• **Problem**: Please reproduce the lines of the records below from the one holding "x360ce switch pro controller" through the one holding "How To Escape The City FAST If SHTF", inclusive, skipping all pictures.

• **Records for this task**:
----
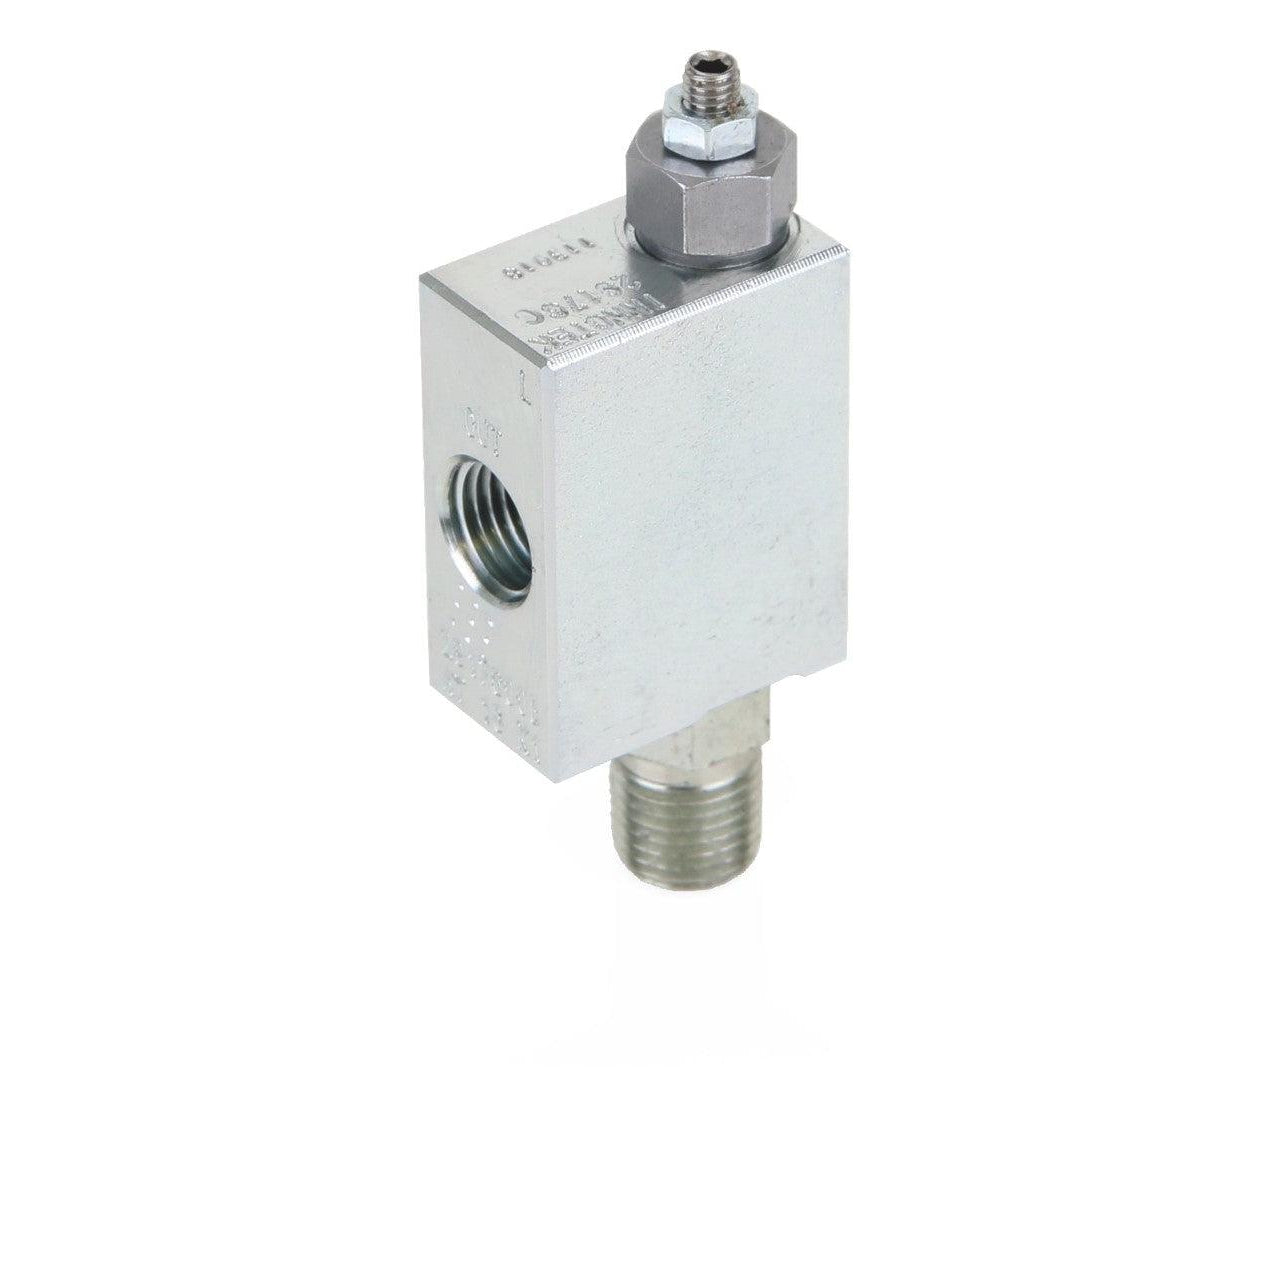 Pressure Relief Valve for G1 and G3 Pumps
----
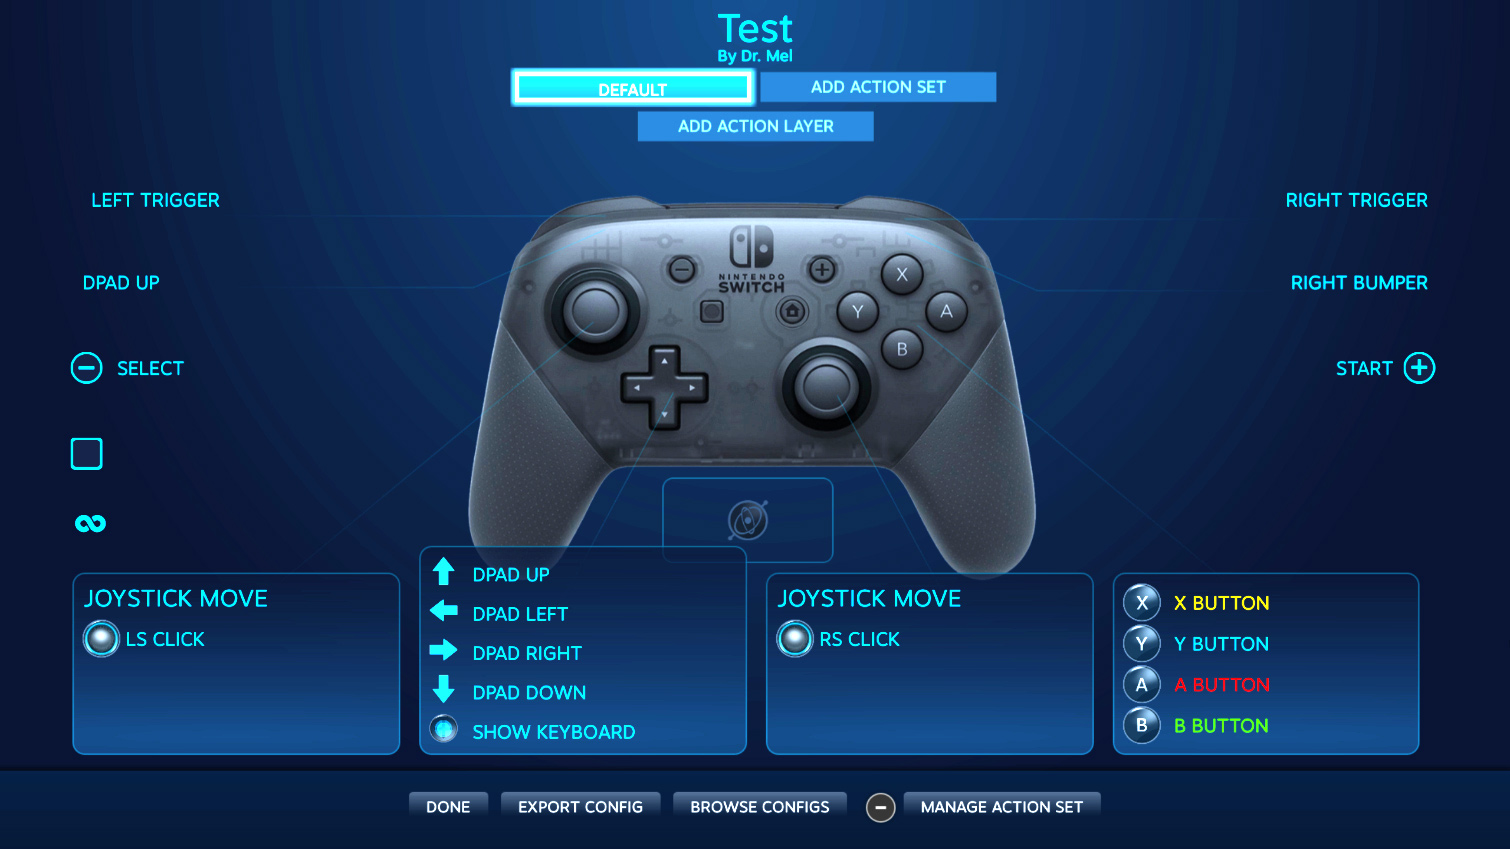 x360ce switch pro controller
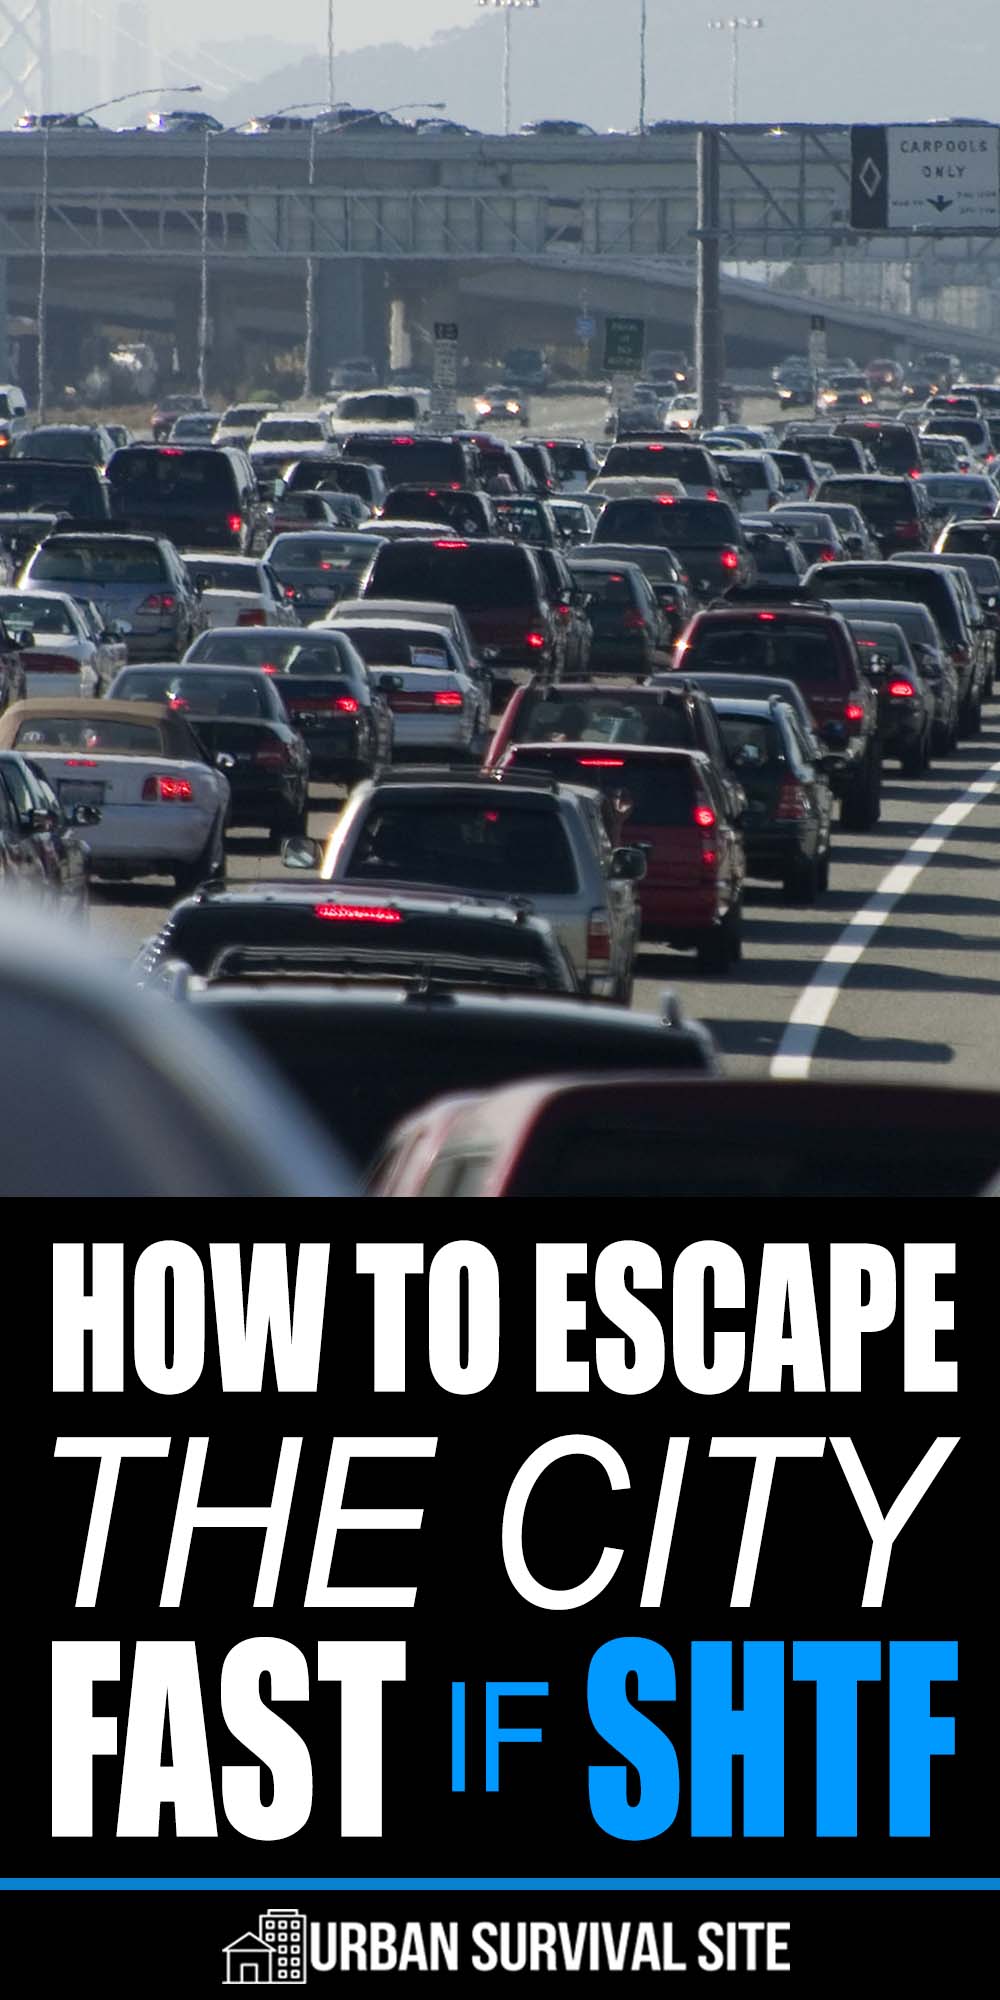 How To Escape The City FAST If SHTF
----
• **Result of the task**:
 x360ce switch pro controller
 How To Escape The City FAST If SHTF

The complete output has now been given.